Surrounded by body bags – Putin’s ‘war crimes’ only strengthen Ukraine’s resolve | world news


There was an awful near-silence as war crimes investigators went about their business and the bodies of the victims were methodically packed into body bags.

We counted at least 15 body bags loaded on top of each other in a succession of ambulances. The death toll is higher and includes several children, including a baby just a few months old.

The the attack was so quick and so deadlywhen we arrived at the scene, many victims were still where they had died.

An old man’s hand still clutched his steering wheel, frozen in time, his body slumped in the passenger seat.

Two young women lay on the ground outside their vehicle, their legs at grotesque angles and flies massing around open wounds on their faces.

Maybe they were talking to each other when the missiles hit. One group was all in their place in the van they were traveling in.

Someone had covered their body with a thin white sheet but we could still make out the front passenger, his mouth open, his head back because he had been killed.

The vehicles were packed with suitcases and medical kits which the group traveled only a few miles down the road to help relatives, the elderly and the sick inside. Russian-controlled territory.

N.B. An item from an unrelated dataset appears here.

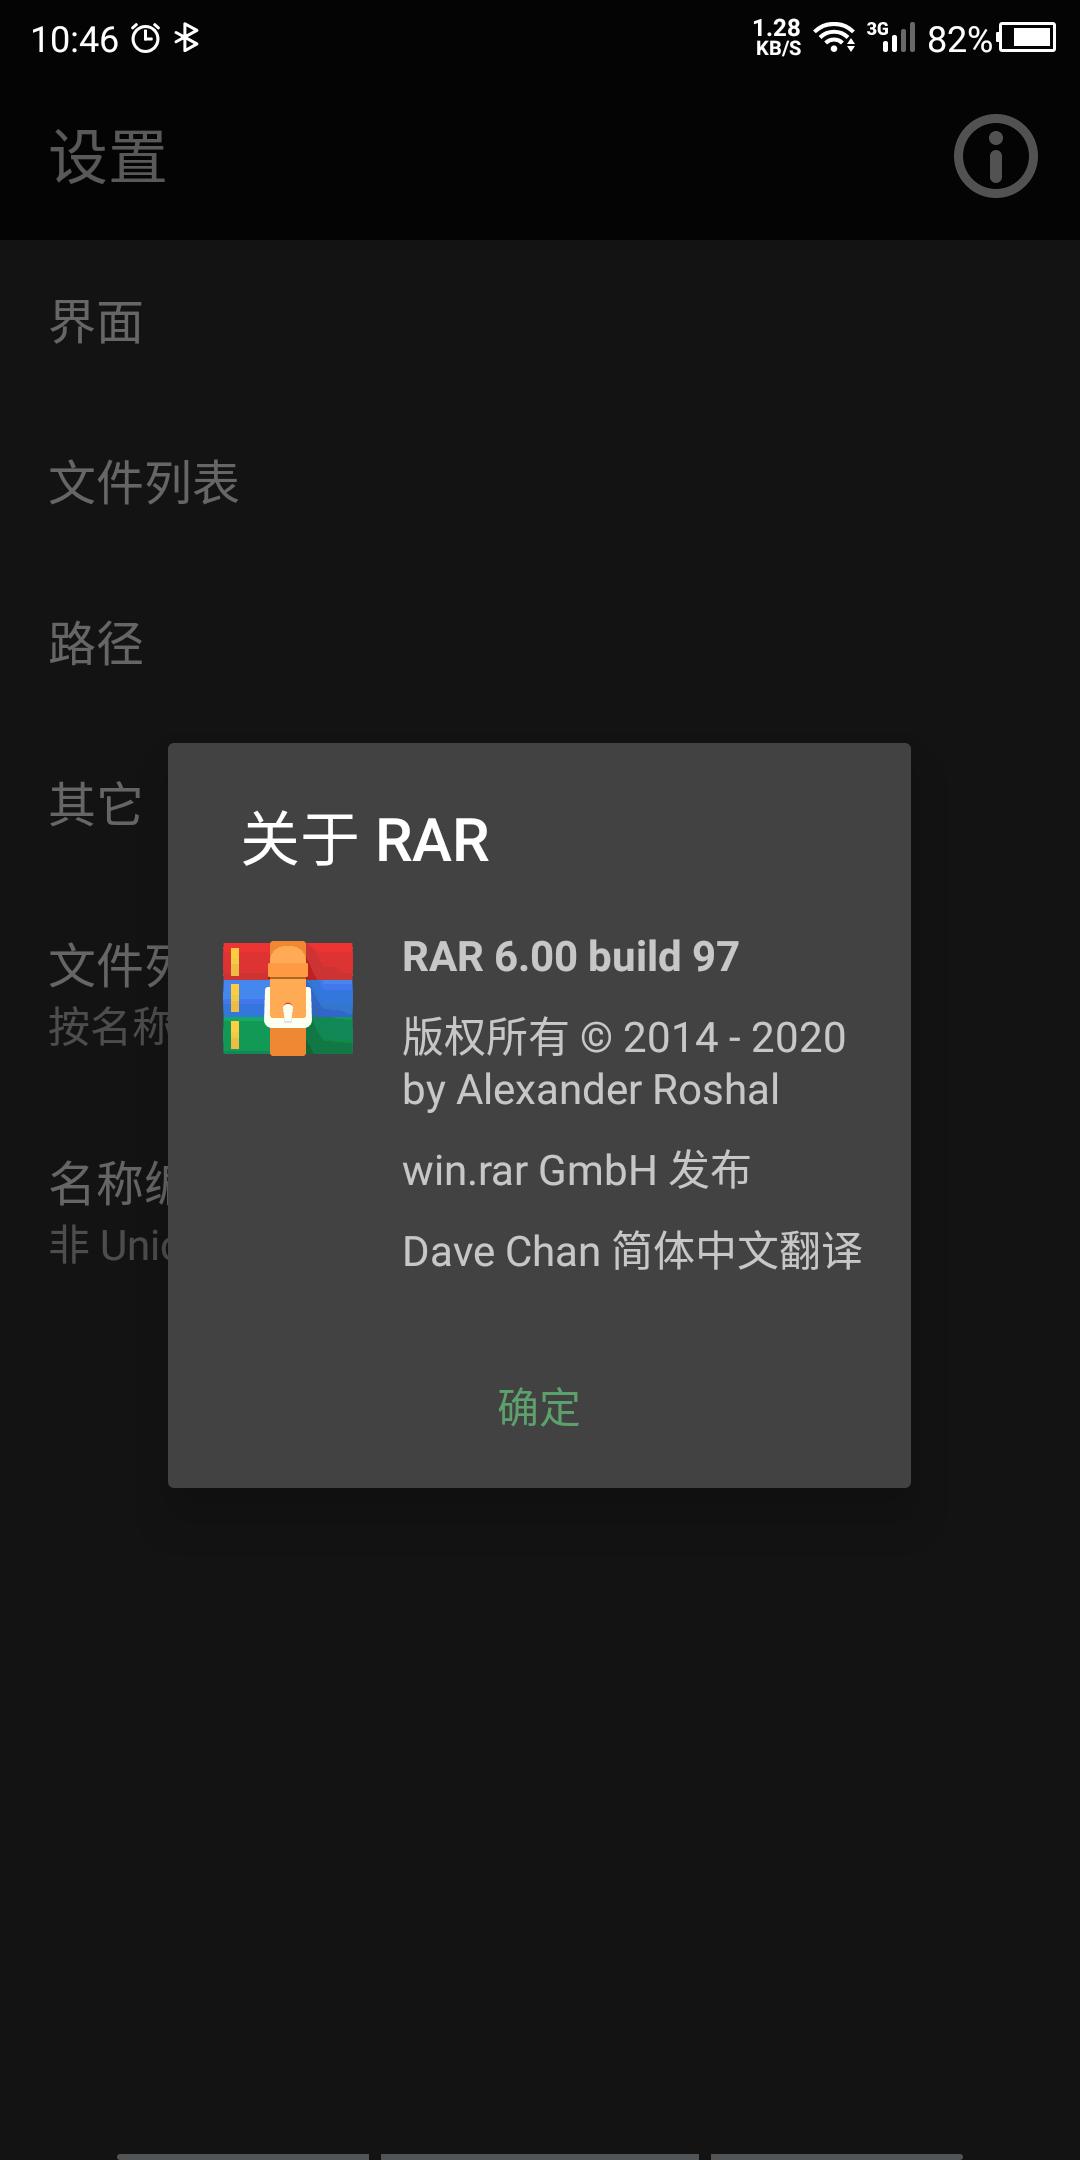 RAR  v6.00

According to Vladimir Putin, this whole area is now Russian after he signed a decree annexing not only Zaporizhzhia but also Kherson and the two regions of Donbass, Lugansk and Donetsk.

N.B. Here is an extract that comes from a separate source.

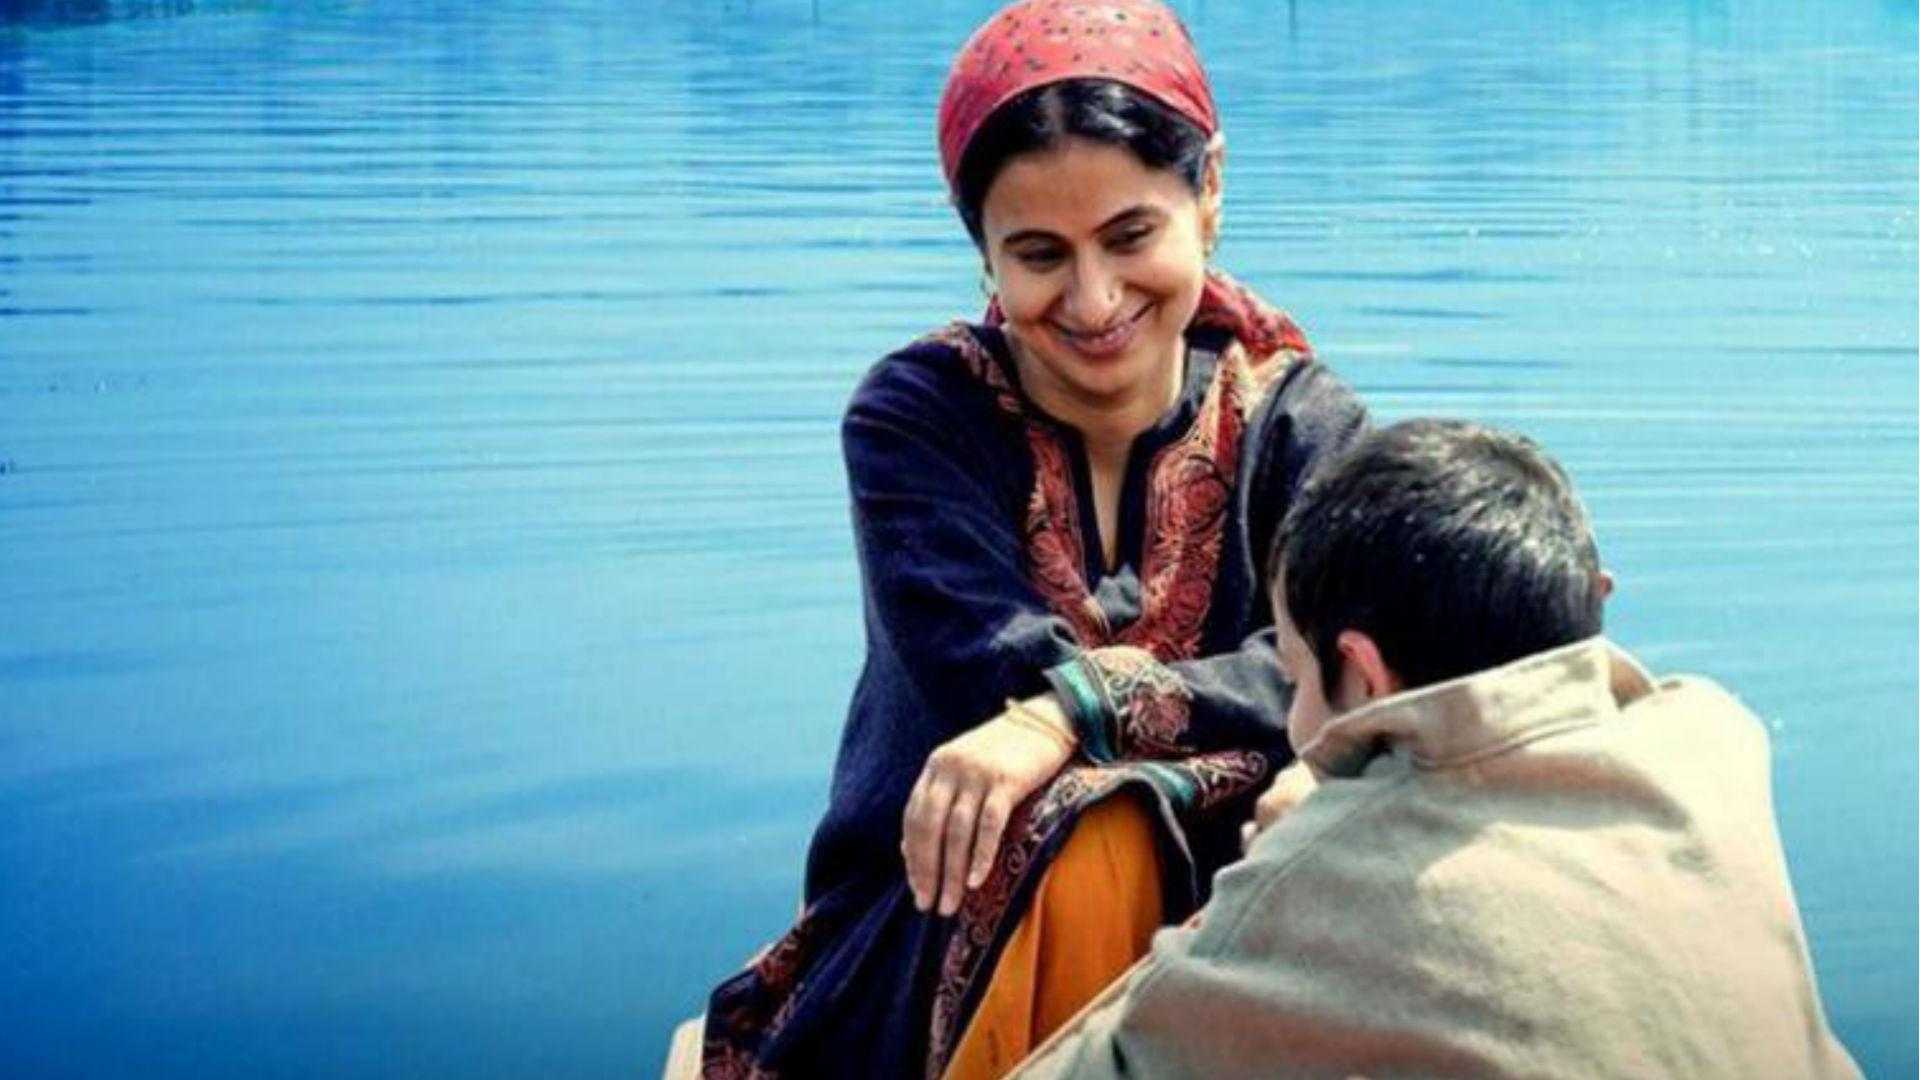 हामिद फिल्म रिव्यूः जम्मू-कश्मीर की कहानी को बेपर्दा करती है रसिका दुग्गल-तल्हा अरशद रेशी की ये मूवी

But in this clearing that was once the site of an auto parts market, Ukrainians harvesting the DNA of their compatriots were once again picking up a fight to keep their territory, but also a legal war that they are determined to fight. to win.

Zaporizhia

“These are definitely war crimes,” Ukrainian Interior Minister Denys Monastyrskyi told us after visiting the site.

“And Putin should pay for what he did.”

The aid convoy was a routine convoy. Up to 150 people would meet there daily in the early hours of the morning after obtaining permission from the Russian authorities to visit areas under Russian control.

They planned to take away elderly or sick relatives who wanted to flee as well as deliver provisions to those who did not want to leave their homes. They had no reason to suspect that they would be the target of attacks.

A witness, who only asked to be called Valeriy, said he could not understand the questions about who carried out the atrocity.

Zaporizhia
Image:
Many Ukrainians said that the peak of attacks to Russian losses on the battlefield

“I’m in shock at the rhetoric of journalists from Germany, from France, asking who did this,” he told us.

“I’m talking with Russian soldiers right there (he points in the direction of Russian controlled areas) and even the Russian soldiers don’t think who did this…they know the Russian military bombed this.”

We spot Olga Linik on her phone.

She is visibly anxious and tells us that she is trying to find her parents. His mother and father are both doctors and were part of the convoy.

Zaporizhia
Image:
A crater left after the attack

“I tried to persuade them to stay with me in Dnipro but they insisted that they wanted to go and help people in Russian regions,” she explains.

“My dad called me and I don’t know what happened but he said he tried to save my mum for an hour but I don’t know what happened.”

She pauses to receive a call. It’s her father who comes out of the convoy among all the broken vehicles and wraps his arms around her, sobbing.

His mother did not survive.

The two return to the bomb site where Olga and her father say goodbye, arms around each other, their mother’s black body bag at their feet.

At the time of writing, according to the Ukrainian police 30 people in the convoy died, including children, and 88 others were injured, including a number seriously injured, in a series of attacks on Zaporizhzhia throughout the day.

Zaporizhia

Many Ukrainians we spoke to attributed the spike in attacks to Russian casualties on the battlefield.

But the attack on the civilian convoy also came hours before the Russian president publicly declared his country’s annexation of the four Ukrainian regions.

But the devastating civilian attacks appear to have only hardened the resolve of Ukrainians and their leader, Volodymyr Zelenskyy having slapped his candidacy for Ukraine to join NATO.

It’s a threat that would have prompted his Russian counterpart to mount his “special operation” in the first place. The situation on the ground in Ukraine is expected to worsen.

Also by cameraman Jake Britton and producers Chris Cunningham and Artem Lysak at Zaporizhzhia.